14 Nisan 2016 Perşembe

Çocuklarda Tuvalet Eğitimi Süreci Nasıl Devam Etmelidir?

Sevgili ziyaretçilerimiz, bir annenin çocuk yetiştirirken karşılaştığı en kriz sorunlardan biri de çocuğa tuvalet alışkanlığı kazandırmak için yoğun uğraş sarf ettiği dönemdir.

Annenin çocuğu ile giriştiği bu yoğun mücadele döneminin faydalarına değinmeden önce çocuğa tuvalet alışkanlığı kazandırmak ne demektir ondan bahsetmekte yarar var.

Çocuk için alt ıslatmak keyif verici bir şeydir. Çocuk tuvaletini yaparken haz alır. Dikkat etmişsinizdir, birçok çocuk altını ıslatacağı zaman karşınıza gelir, gözlerinize masumca bakarak tuvaletini yapmaya çalışır. Yüzündeki o memnun halden anlaşıldığı gibi çocuk sizin çok sinir bir şeyden büyük bir haz almaktadır. Yani çocuğa tuvalet alışkanlığı kazandırmak demek, çocuğu haz aldığı bir işten vazgeçirmeye çalışmak demektir.
Çocuğun haz aldığı bir şeyden vazgeçmesi için geçerli bir sebebi olmalıdır. Ancak tuvalet alışkanlığı kazandırıldığı yaşa bakıldığında, henüz 2 ya da 2,5 yaşındaki bir çocuğun sizi sözel olarak anlaması, ikna olması mümkün olması mümkün değildir.
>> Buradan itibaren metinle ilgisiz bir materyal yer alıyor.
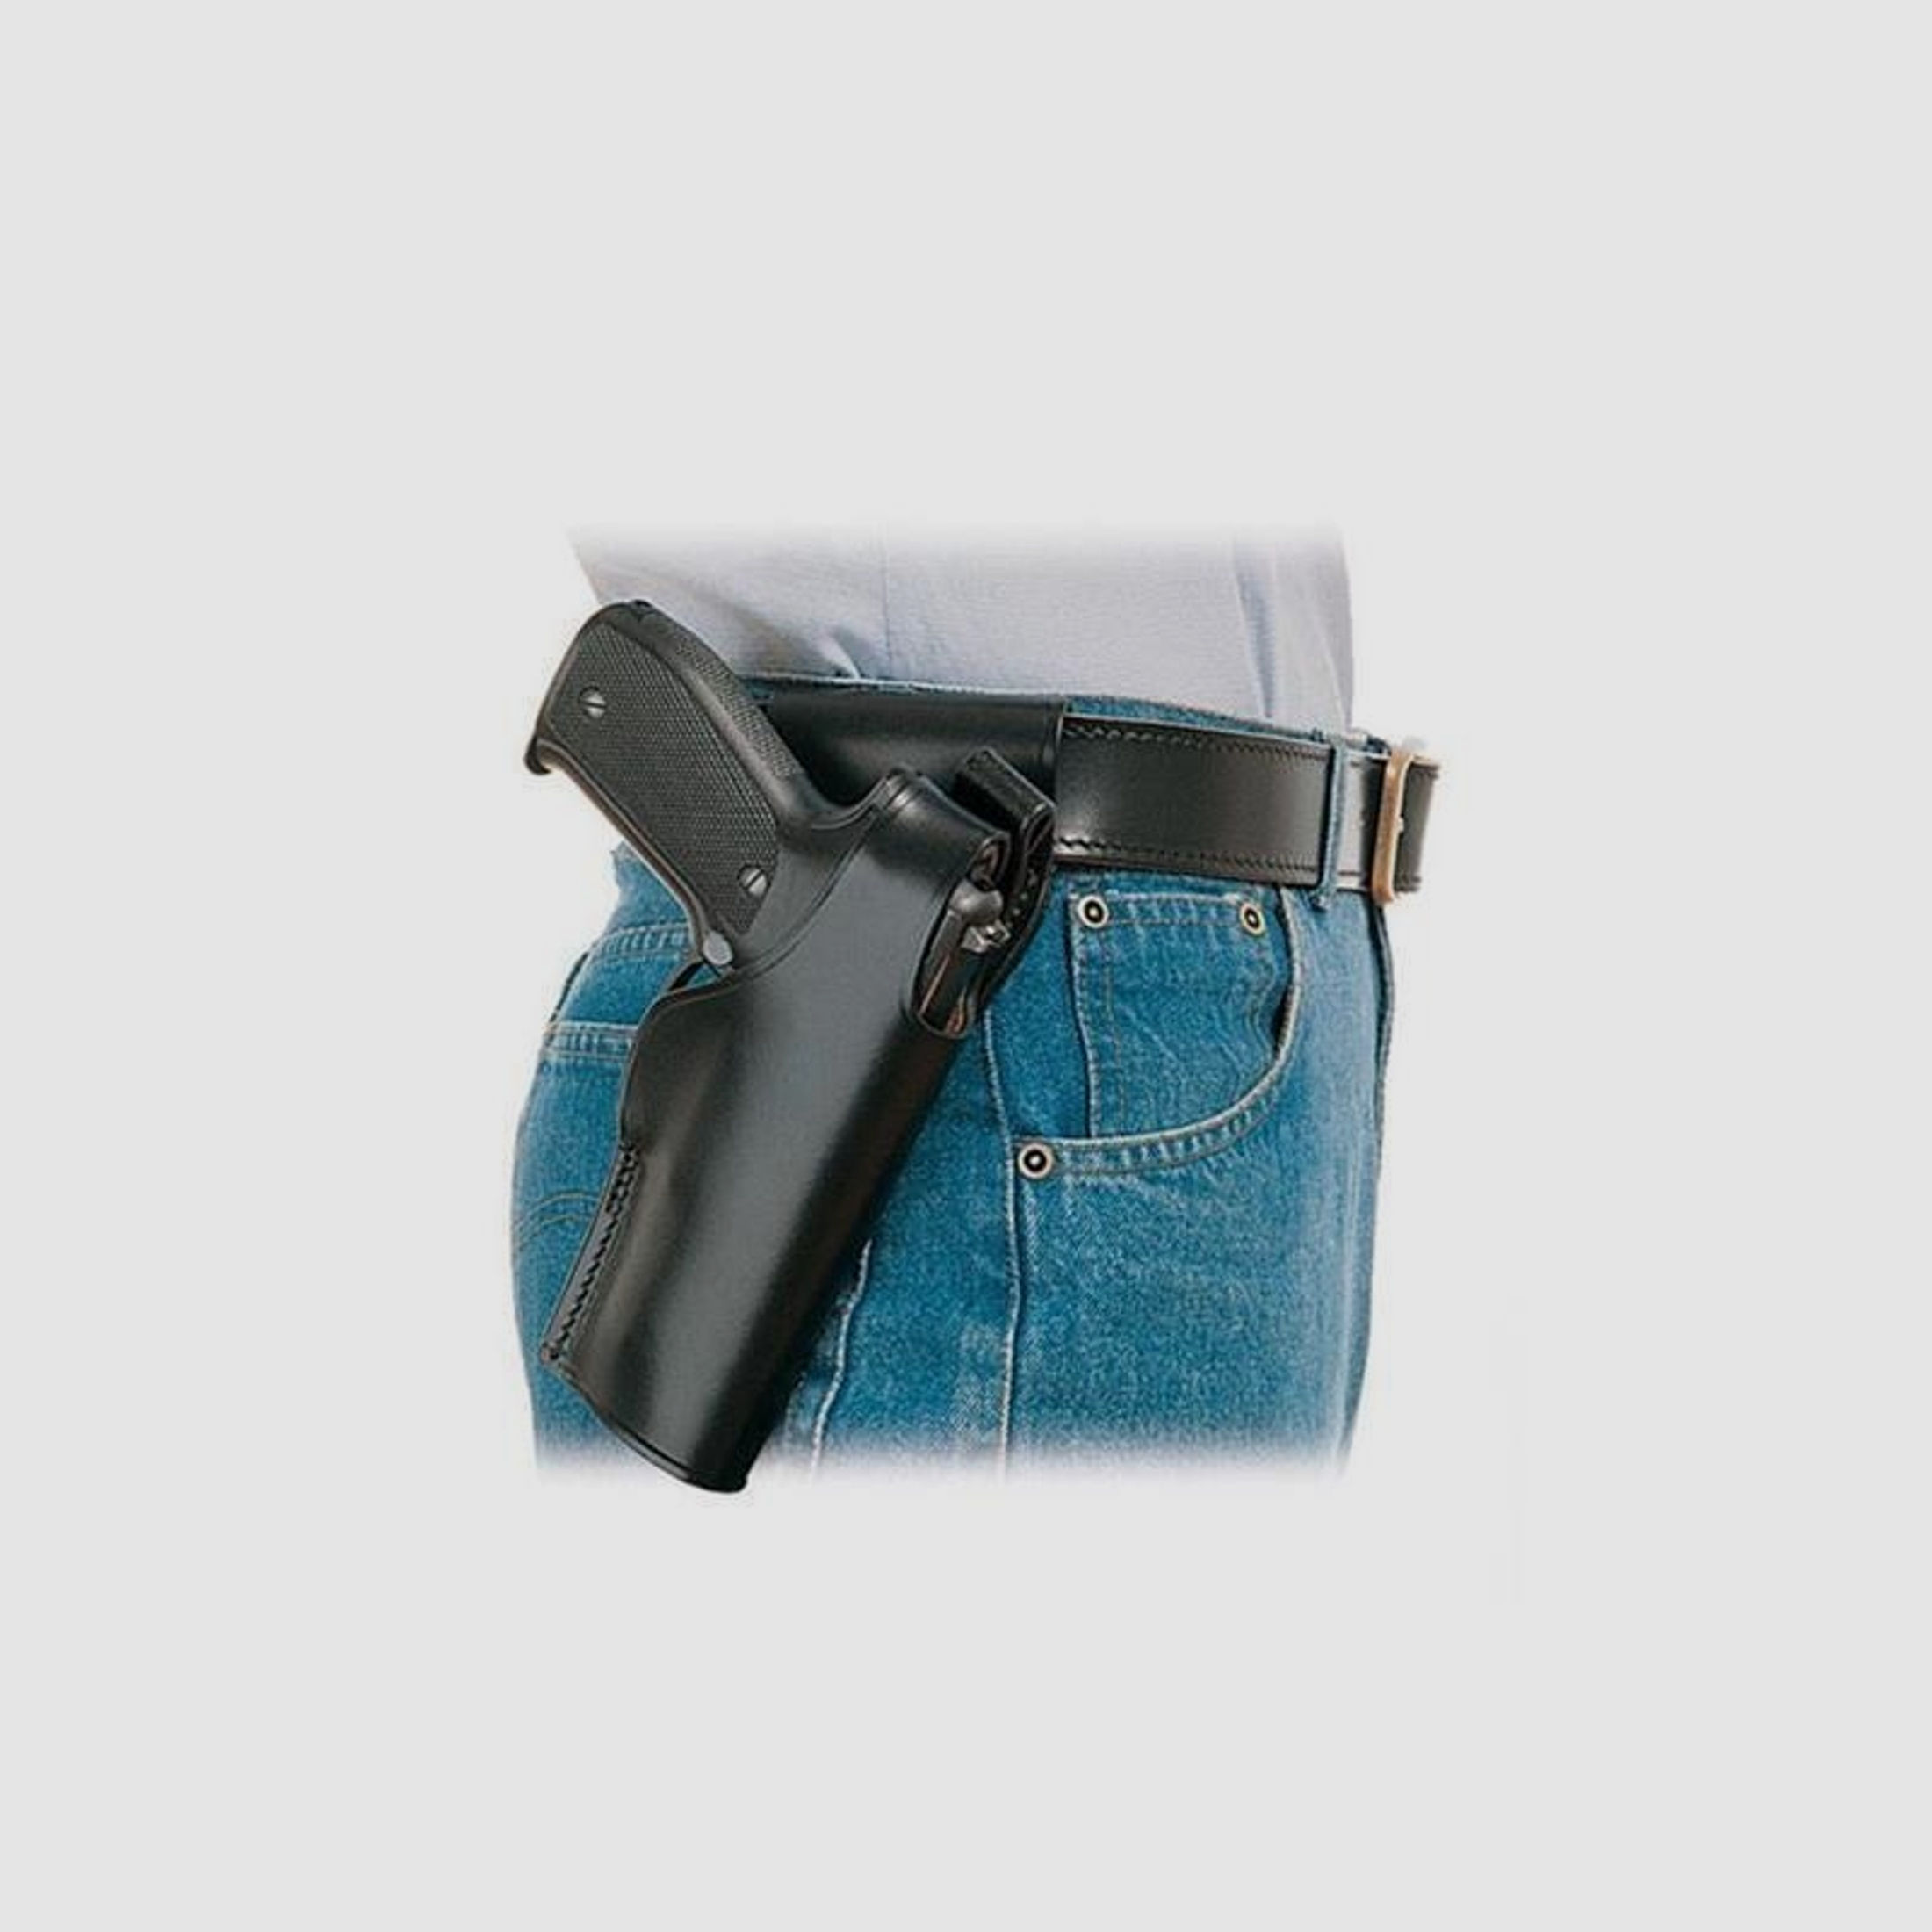 Gürtelholster SPITFIRE Glock 34/35 Braun Linkshänder

Siz her ne kadar "Aman oğlum etraf kirleniyor!" deseniz de "Aman kızım tuvaletin geldiğinde sakın yapma" diye ikazlarda bulunsanız da bu sözler çocuğa çoğu defa anlamsız gelecek; hatta çocuğu sinirlendirecektir. Dikkat edilirse tuvaletini tutması konusunda zorlanan çocuklar sinirli olur. Çünkü tuvaletlerini yaparken aldıkları bir hazdan vazgeçmek öyle kolay kabullenilecek bir şey değildir.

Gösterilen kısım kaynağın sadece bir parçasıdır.